Born Aug. 8 (21), 1913, in Yaroslavl. Soviet Russian playwright.

Rozov was originally an actor, first in Kostroma and then in Moscow. He graduated from the school affiliated with the Theater of the Revolution and the M. Gorky Institute of Literature in 1952. He served in the Great Patriotic War of 1941–45.

In 1949 the Central Children’s Theater staged Rozov’s first play, Her Friends. In 1953 the theater staged Pages of Life (also Your Path). These plays revealed the characteristic qualities of the author’s work: exact and sympathetic descriptions of everyday life, emotionality, humor, a taste for life’s simple truths, and a desire to define a historical type of young hero.

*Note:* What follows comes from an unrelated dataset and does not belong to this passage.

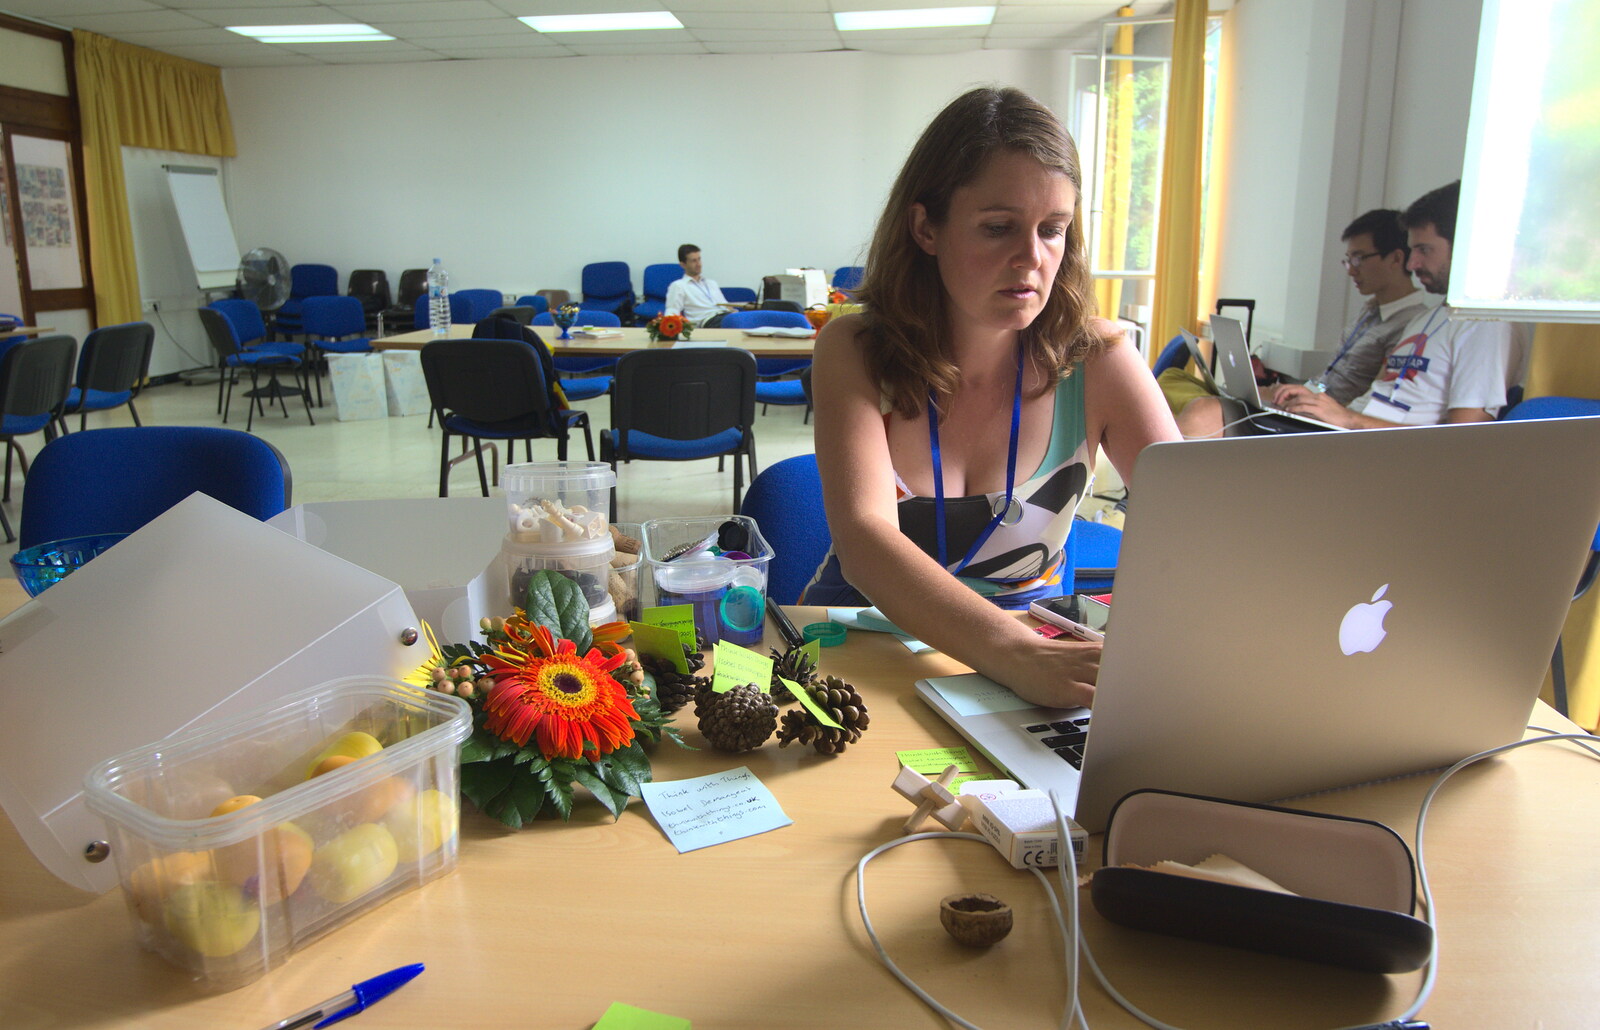 Isobel brushes up her pitch from The Open Education Challenge, Barcelona, Catalonia - 13th July 2014

Over a period of many years, Rozov has created many characters. His heroes are always approximately the same age and from the same social circles, although they live at different times, which enables the author to reflect changing problems and moral types.

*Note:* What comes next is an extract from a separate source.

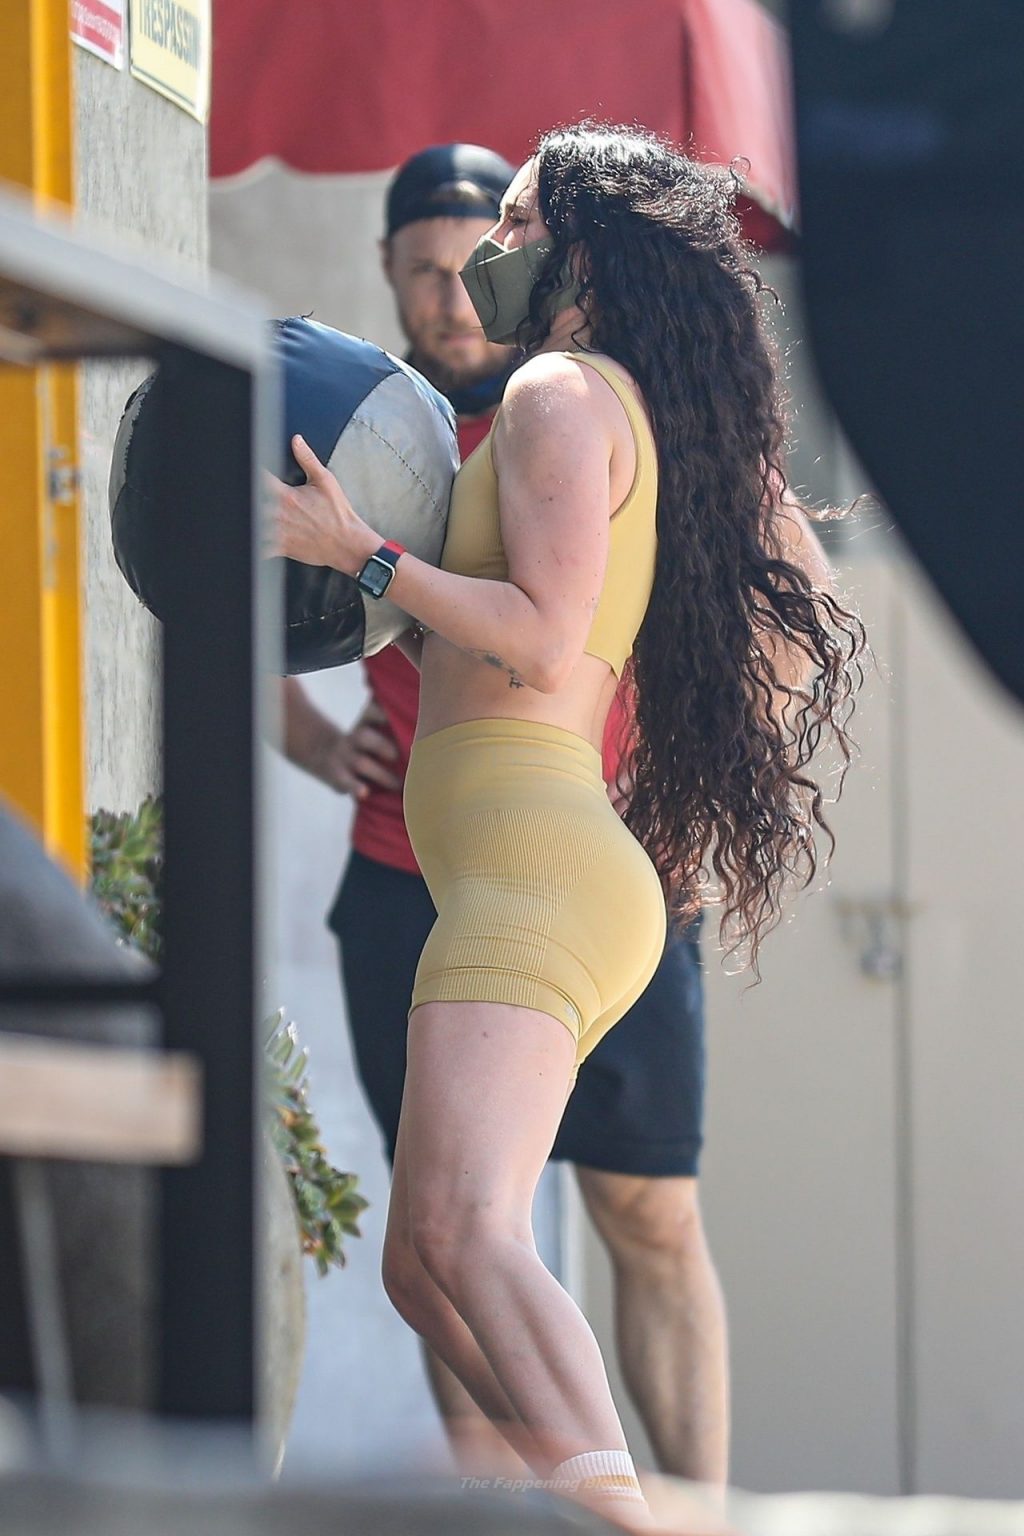 Rumer Willis Exercises with Her Trainer Using a Medicine Ball at Rise Nation Gym (124 Photos)

Rozov’s collaboration with the Central Children’s Theater was especially successful. His plays for the theater, Good Luck! (1954), In Search of Joy (1957), Unequal Battle (1960), and Before Supper (1962), were staged by A. V. Efros. Rozov was also successful in his work with the Sovremennik Theater, which opened in 1957 with The Eternally Alive, a play based on a theme of civic duty. In 1967 the Sovremennik Theater staged The Traditional Reunion, in which the author brings together maturing and aging graduates of different ages.

Rozov has always been concerned with the world of youth and has consistently developed the themes of an individual’s duty to himself and dedication to his vocation. Plays based on these themes include The Wedding Day (staged 1964), The Clown (staged 1966), From Evening to Midday (staged 1970), and Situation (staged 1973). Filled with civic spirit, Rozov’s plays are devoid of oratory, which befits the intimate quality of his comedies and dramas. His plays are often staged both within and outside the USSR. His plays that have been made into films include Good Luck! (1956), In Search of Joy (the film Noisy Day, 1961), and Eternally Alive (film The Cranes Are Flying, 1957). Rozov has dramatized Goncharov’s novel A Common Story (staged by the Sovremennik Theater, 1966; State Prize of the USSR, 1967). Rozov has been awarded three orders.

WORKS

Moi shestidesiatye… P’esy i stat’i. [Epilogue by O. Tabakov.] Moscow, 1969.
V dobryi chas! P’esy. Moscow, 1973.

REFERENCE

Anastas’ev, A. Viktor Rozov: Ocherk tvorchestva. Moscow, 1966.